At quarter to five I walked to the car, the rain still fell heavily and the wind was still blowing. At least the drive up the A2 to the tunnel was quiet, very little traffic about, but what there was caused spay like fog. The radio burbled in the background alternating serous with the glib, but it was fine, kept me awake.
At least the tunnel was free, and soon I was in Essex and getting nearer home turf. The rain did not let up, and even when it got light, the feeling of driving through mist did not cease. At least most of the traffic was heading south, towards London .
By half six I was in Ipswich, or rather going round it, over the Orwell Bridge, and still heading north. At Saxmundham, the good roads gave out, and I just had a single carriageway to deal with, but the traffic was still light. Lowestoft , is as it ever was, but quieter. How the streets used to be full with those going to work at half seven on a weekday morning. But in these times when all shipyards, canning factories, wood yards and even SLP closed, there was just a few of us on the streets that early.
I called James on the phone, and he was up. I went to his flat and went up. We talked and shared a cuppa, but there really are no words for days like that. Just being there counts. I left James to his preparations and went to find somewhere to have breakfast. On James’ recommendation, I went to the Woodbine in Suffolk Road , and it was very good, and as seems usual, much bigger than I could actually eat.
I still had three hours to while away before the event, and so I went to visit my Godparents. Like everyone, they are older than when I last saw them, but Alan had had multiple aneurisms during the summer and was only just getting back to normal. I told them about my job, and Mother’s problems, but soon they had to head out for another appointment with the doctor.
I called on another friend, Douglas, as I had correctly guessed, as a builder, he would not be working. But he was having a lay in, and I had surprised him. We stood outside talking for a while, and realising we had not done that for way too long. But it was getting near to time for the ceremony, and we said our goodbyes.

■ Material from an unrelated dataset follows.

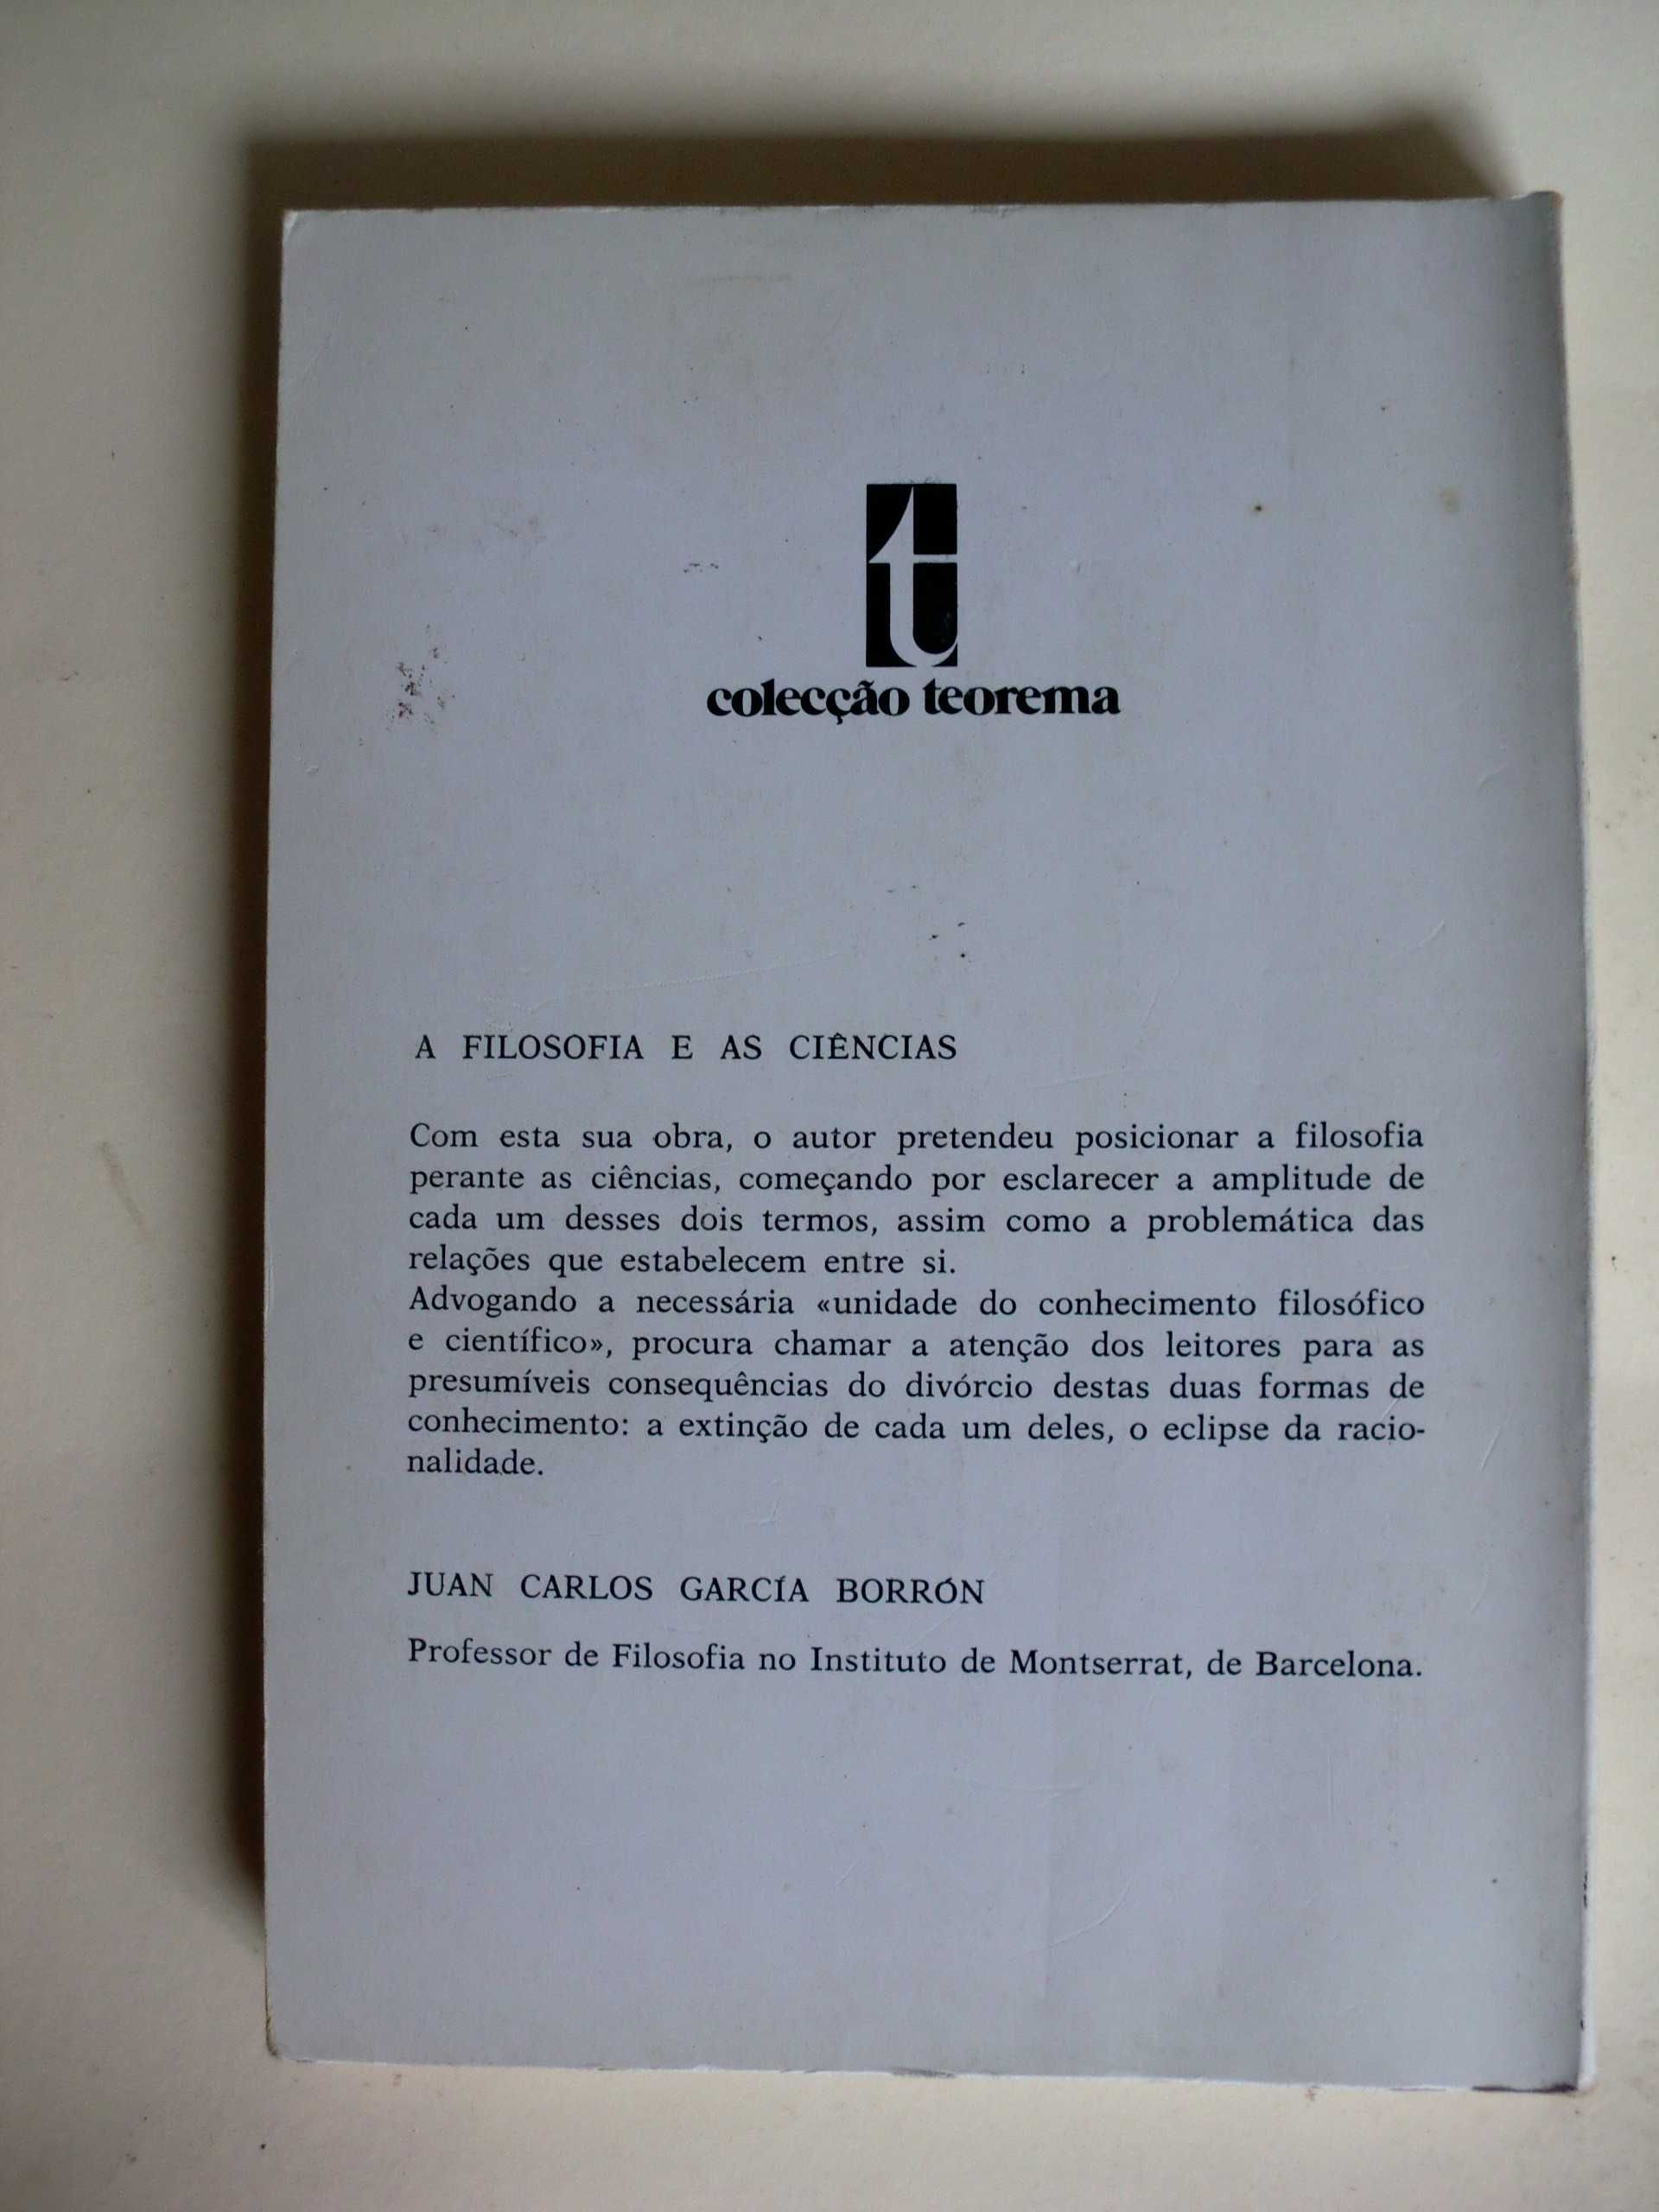 A Filosofia e as Ciências
de Juan Carlos García Borrón

The rain fell harder in a stiffening breeze, and I sat in my car as the previous service ended and the mourners made their way back to their cars. People began to arrive, and I made my way, under an umbrella, to the crematorium to meet back with James and his two children. Not much else to say, James, just to hug and say how sorry I was. And then go inside and wait.
This is where I said goodbye to my Father, two grandmothers and a grandfather as well as two good friends, dead because of a car crash on Christmas a quarter of a century ago.
People began to arrive; James greeted them with a handshake and the words, good of you to come, or something similar. A Whiter Shade of pale struck up, and the coffin was brought in, and then followed Wendy, the widow, and her family.
One thing that I had never thought about, was the etiquette of death; when someone has re-married, how is the ex-wife treated? And their children? Should the current wife consider them in her grief? All these things hung in the air, but seemed to be sorted out, as after the first Hymn, the vicar read out a potted history of the deceased’s life, with ex-wife, son, new wife and new wife’s family all getting mentioned. Having the wisdom of Solomon seems to be part of the job in the clergy, and his editing Wendy’s 9 page biography seemed to read very well, of to my ears.
James’ daughter read a tribute, including THAT poem by Auden, which is perfect, of course. We sang ‘Abide With Me’, and the blessing was read and the curtains closed, and the king left this world and entered the next.
We filed out after the family, and milled around talking, meeting old friends and sharing our grief. I did not fancy the wake, anyway I had my Mother to meet and so said my goodbyes to James and his children, and went back outside into the rain. Mother is much the same, the house smelt of smoke, which she blamed on a friend who had just left. Lies slip easily from her lips, but then again it could have been true. We talked, but it was stilted, and time was getting on, and the rain still fell, and I had at least a four hour journey back home to Kent .
I left and headed down towards Bury St Edmunds, and the good roads which lead to the M11 and then onto the M25 and the tunnel and home. Traffic was heavy, and the rain still fell. And it was energy sapping, straining to see into the spay and mist. But, as the day wore on, I made my way south and home. It took half an hour to get over the bridge and through the tolls, which ate 40 pence and I had to feed it some more, but then I was in Kent , and the final hour of my day.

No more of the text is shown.